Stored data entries
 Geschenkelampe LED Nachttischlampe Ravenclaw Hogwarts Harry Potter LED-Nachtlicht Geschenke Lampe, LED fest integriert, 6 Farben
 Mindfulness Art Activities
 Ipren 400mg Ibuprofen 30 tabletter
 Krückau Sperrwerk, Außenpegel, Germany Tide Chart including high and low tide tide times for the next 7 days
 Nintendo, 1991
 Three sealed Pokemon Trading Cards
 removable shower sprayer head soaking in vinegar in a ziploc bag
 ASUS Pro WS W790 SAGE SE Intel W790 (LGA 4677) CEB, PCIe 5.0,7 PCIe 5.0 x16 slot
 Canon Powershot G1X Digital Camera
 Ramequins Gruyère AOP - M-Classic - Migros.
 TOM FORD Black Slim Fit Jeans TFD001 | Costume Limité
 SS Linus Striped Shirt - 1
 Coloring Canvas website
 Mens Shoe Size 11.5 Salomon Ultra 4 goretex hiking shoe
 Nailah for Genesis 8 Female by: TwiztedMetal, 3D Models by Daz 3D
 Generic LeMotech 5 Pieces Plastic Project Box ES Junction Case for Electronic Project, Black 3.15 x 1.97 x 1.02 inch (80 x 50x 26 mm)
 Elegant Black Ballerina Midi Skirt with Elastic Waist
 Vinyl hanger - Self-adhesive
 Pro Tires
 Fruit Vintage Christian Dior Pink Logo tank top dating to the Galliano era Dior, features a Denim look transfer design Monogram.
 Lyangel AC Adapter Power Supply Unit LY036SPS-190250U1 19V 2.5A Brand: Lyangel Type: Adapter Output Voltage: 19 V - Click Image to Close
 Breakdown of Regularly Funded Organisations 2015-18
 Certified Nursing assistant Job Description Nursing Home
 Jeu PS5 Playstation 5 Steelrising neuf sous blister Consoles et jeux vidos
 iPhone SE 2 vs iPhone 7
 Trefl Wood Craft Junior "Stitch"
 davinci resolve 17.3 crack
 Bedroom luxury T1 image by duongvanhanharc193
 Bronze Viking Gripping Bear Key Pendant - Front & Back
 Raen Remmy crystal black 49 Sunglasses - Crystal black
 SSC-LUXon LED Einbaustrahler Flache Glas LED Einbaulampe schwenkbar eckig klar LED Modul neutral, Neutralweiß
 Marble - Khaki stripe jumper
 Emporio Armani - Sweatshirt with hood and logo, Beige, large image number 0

*Assignment*: Check each line of the entries above for the string "with", and return those that contain it.

*Answer section*:
 Elegant Black Ballerina Midi Skirt with Elastic Waist
 Emporio Armani - Sweatshirt with hood and logo, Beige, large image number 0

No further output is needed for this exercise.